If you write Romance inevitably you hear: “Why do you write that fluff? It’s all happy endings and no plot. You could do better.”
I typically laugh it off and say, “Well, I started out writing a murder mystery, but then my hero met the heroine.”
Despite the cheerful reply, though, the implication that writing happy endings somehow requires less effort or less talent grates on me like stop-and-go traffic. I can’t speak for every author, but for me finding a HEA that is believable and true to the characters is a huge, exciting challenge.
For example, my current book TIES THAT BIND could just as easily been a tragedy. The hero, AEDAN ap OWEN, idles at angry, tends to act-out rather than think through his actions, and misuses his magical abilities for his own gain. Each time he fails to consider the consequences, he is deeper into a quagmire of treason and murder. I wasn’t sure that even I—the author—had the ability to save him.
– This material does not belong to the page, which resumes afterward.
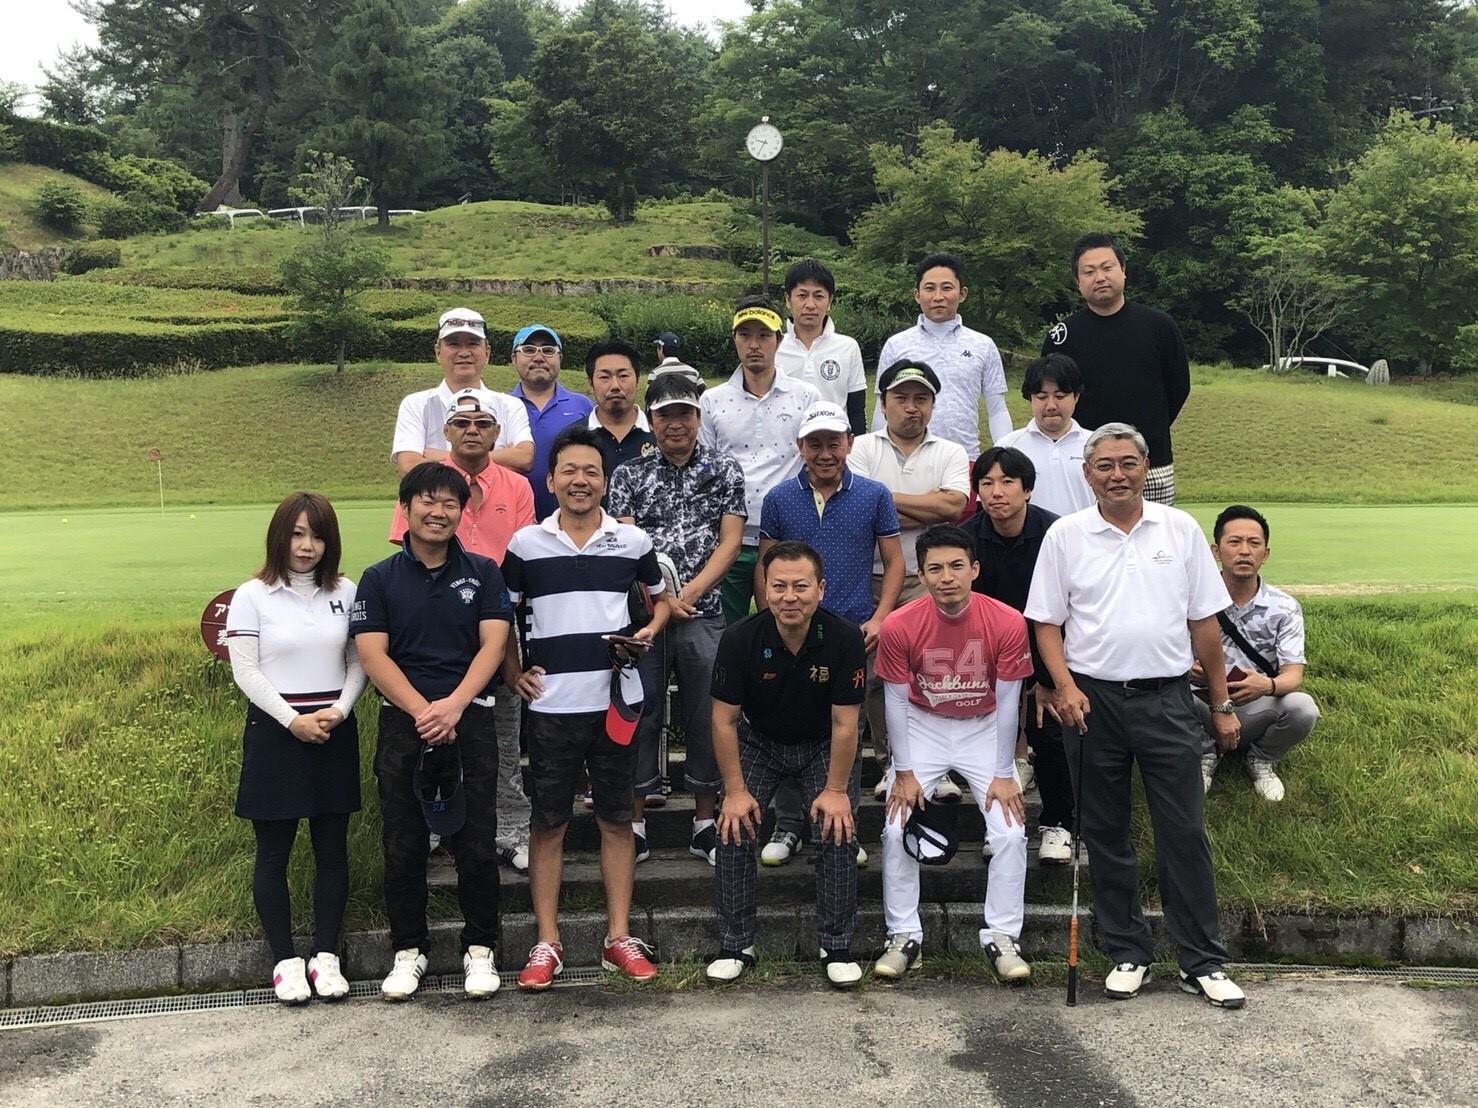 東支部青年部会「春のゴルフコンペ」

My heroine, TESS, LADY of BRIDSWELL, also makes choices that put her on the edge between gain and loss, happiness and heartache.
And it’s this precipice—the knowledge that the story could go either way—that makes writing romance such a challenge and so much fun. The Happy Ever After has to make sense. It has to come from the characters and the plot in a natural, logical way that readers accept. Otherwise, they hurl the book against the wall.
The happy ever after in TIES THAT BIND happened because my characters managed to grow and change. The story’s tension is created by mistakes, thoughtless actions and genuine differences between my characters. It’s not obvious how the conflict will be resolved—and it shouldn’t be.
The tension, conflict and not knowing how it will be resolved are what make a good book good.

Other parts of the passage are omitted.